Jesus G. Atilano v. Robert L. Wilkie

CourtUnited States Court of Appeals for Veterans Claims
DecidedJuly 3, 2019
Docket17-1428
StatusPublished

This text of Jesus G. Atilano v. Robert L. Wilkie (Jesus G. Atilano v. Robert L. Wilkie) is published on Counsel Stack Legal Research, covering United States Court of Appeals for Veterans Claims primary law. Counsel Stack provides free access to over 12 million legal documents including statutes, case law, regulations, and constitutions.

Bluebook
Jesus G. Atilano v. Robert L. Wilkie, (Cal. 2019).

Opinion

UNITED STATES COURT OF APPEALS FOR VETERANS CLAIMS

No. 17-1428

JESUS G. ATILANO, APPELLANT,

V.

ROBERT L. WILKIE, SECRETARY OF VETERANS AFFAIRS, APPELLEE.
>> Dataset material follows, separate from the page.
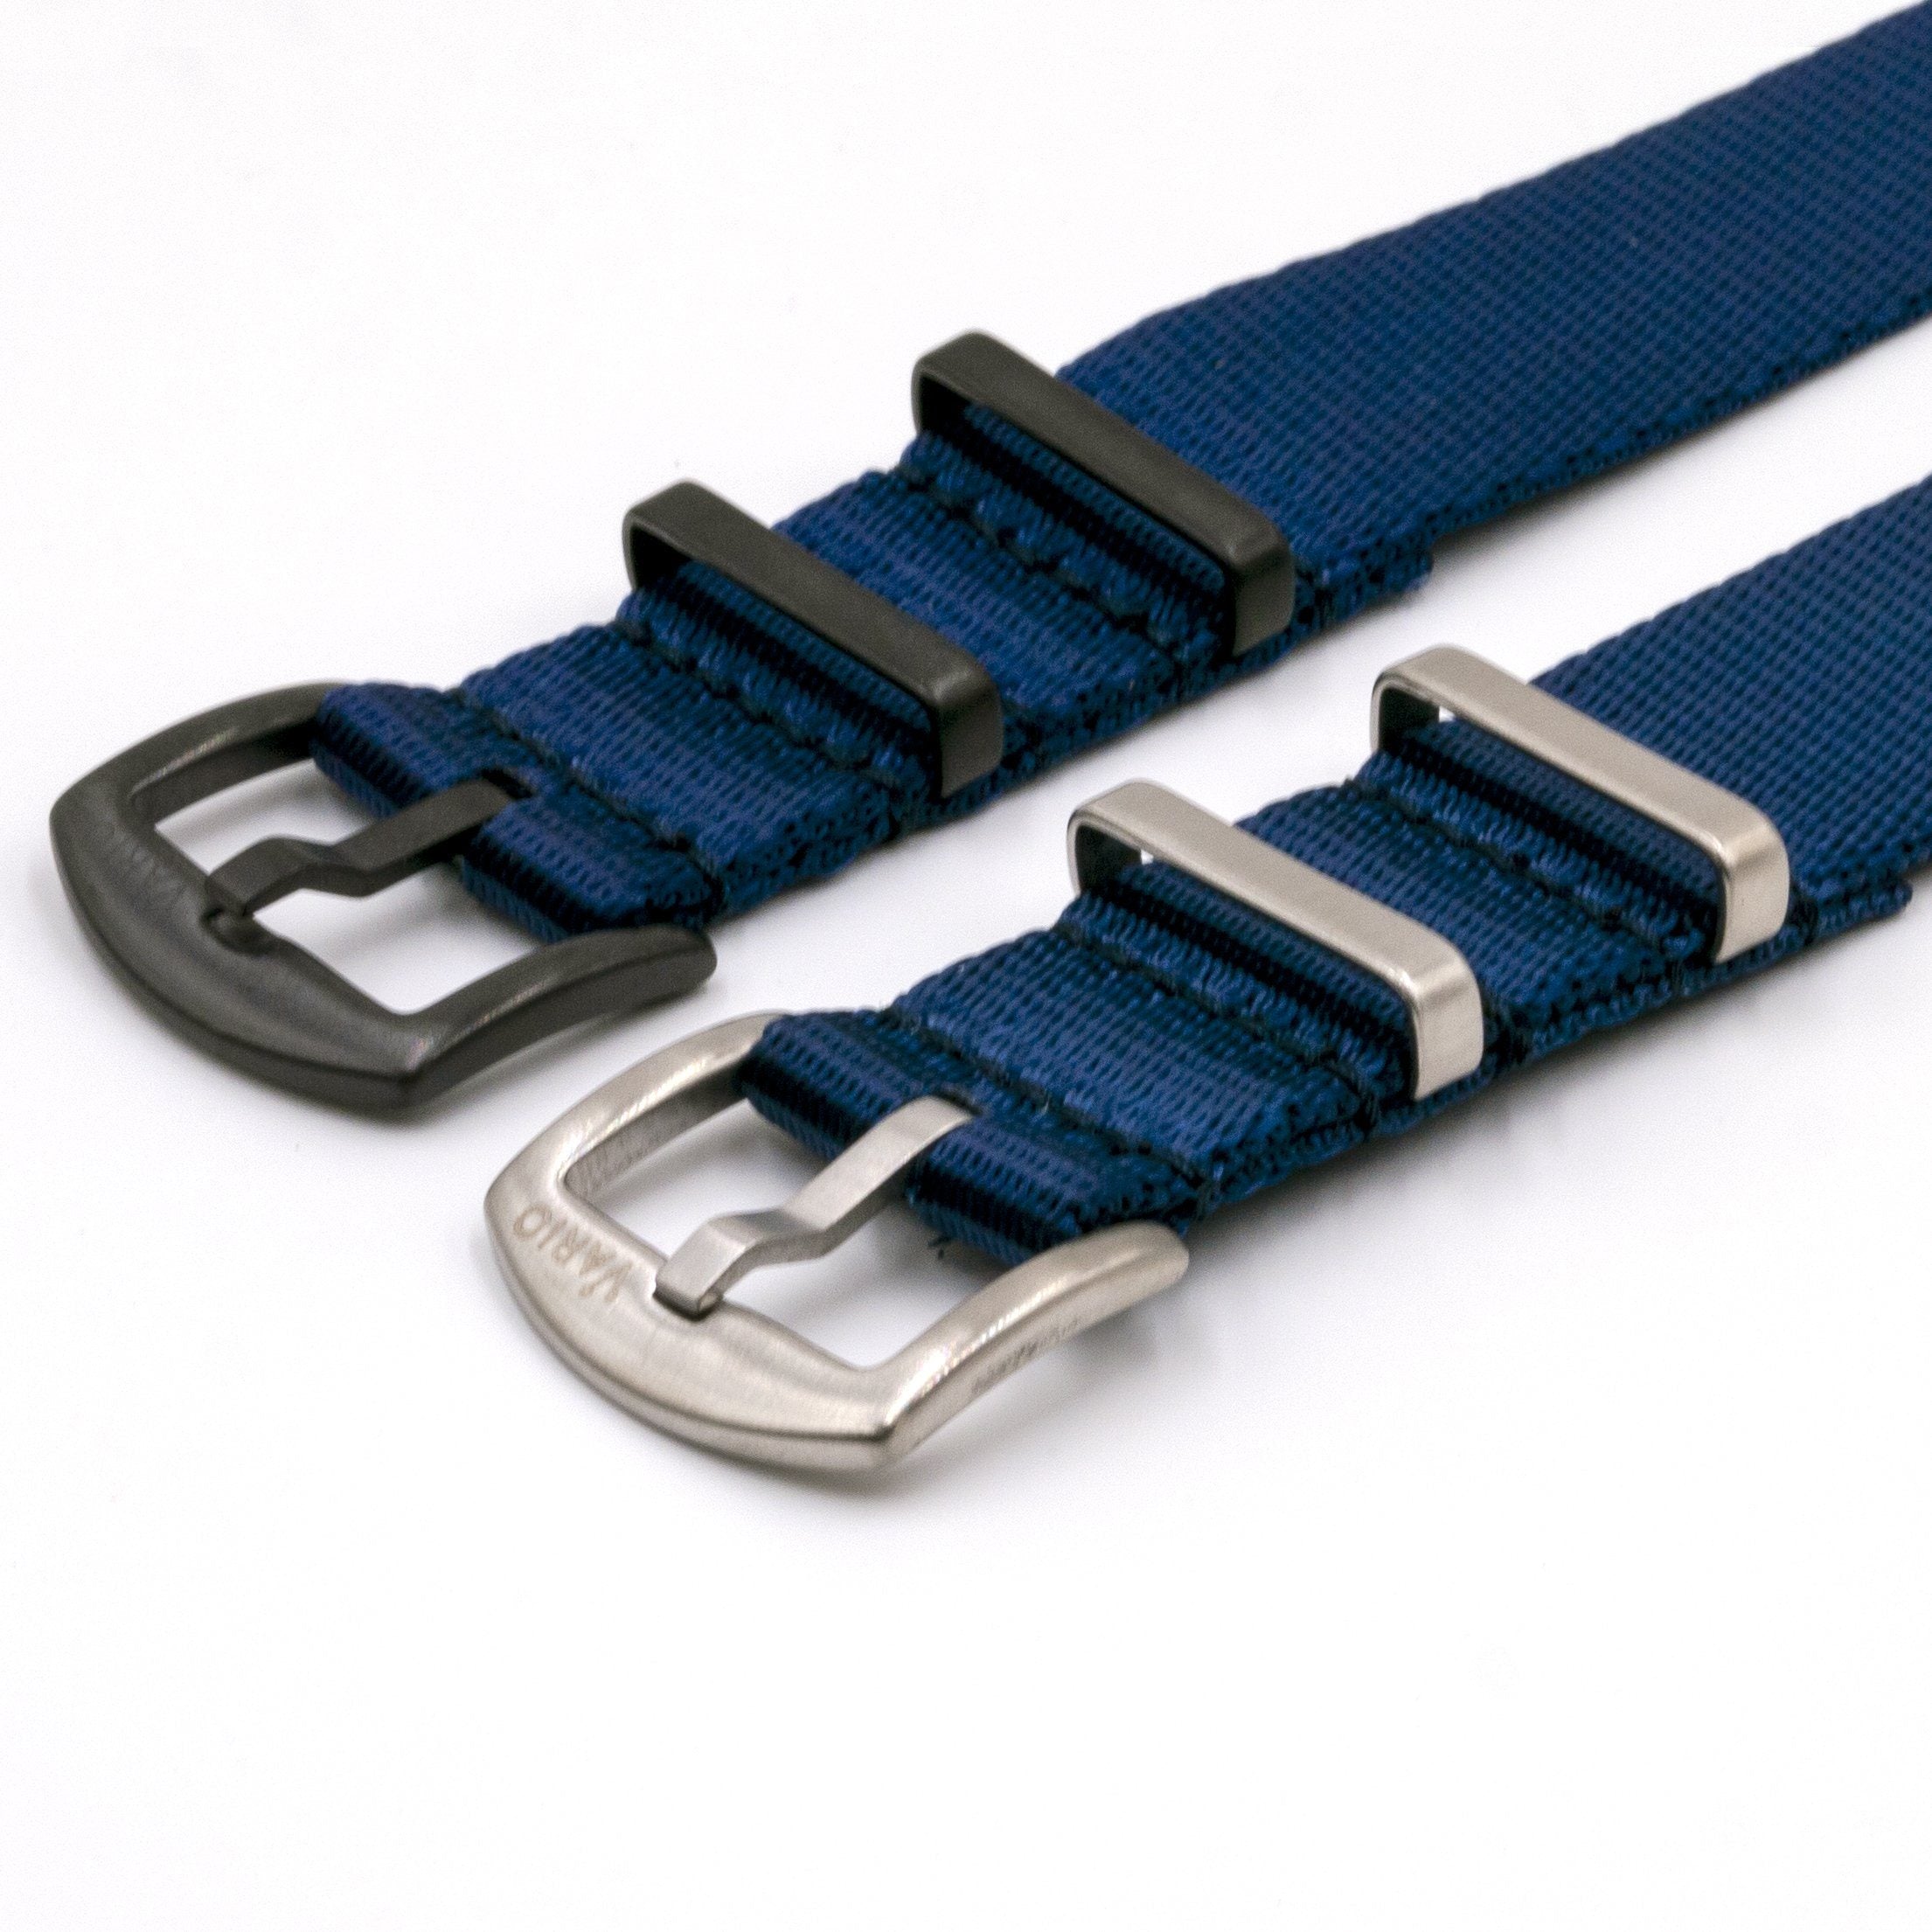 vario gshock seat belt adapter kit navy blue silver black buckle
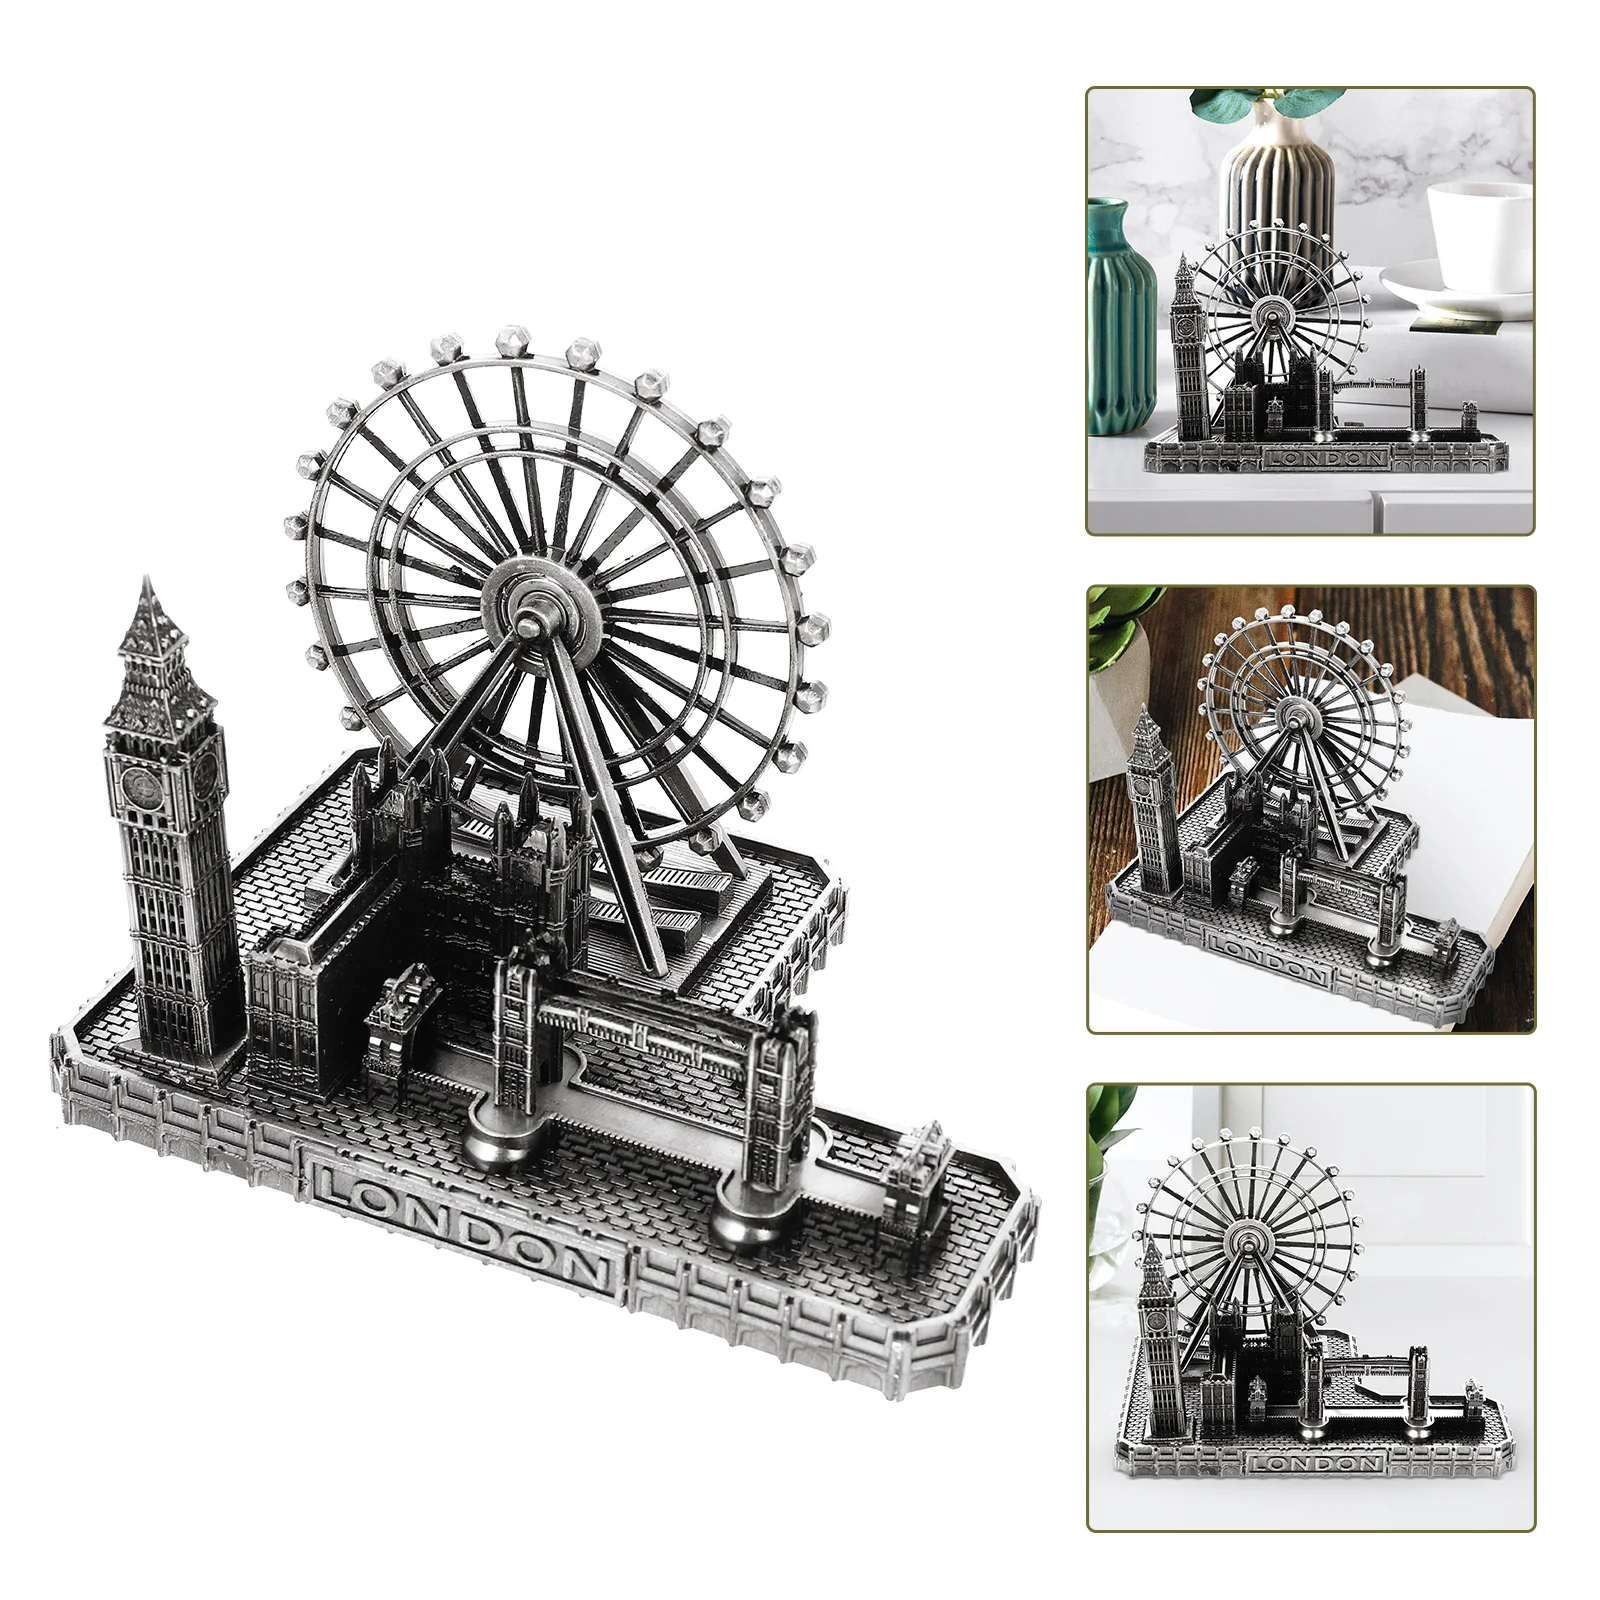 

London Model Tower Bridge City Famous Big Ben Buildings Architecture Clock Figurine Statue British Sculpture Souvenir Scene

On Appeal from the Board of Veterans' Appeals

(Argued January 10, 2019 Decided July 3, 2019)

Sean A. Ravin, of Coral Gables, Florida, and Kenneth M. Carpenter, of Topeka, Kansas, for the appellant.

Lindsay J. Gower, with whom James M. Byrne, General Counsel; Mary Ann Flynn, Chief Counsel; and Selket N. Cottle, Deputy Chief Counsel, were on the brief, all of Washington, D.C., for the appellee.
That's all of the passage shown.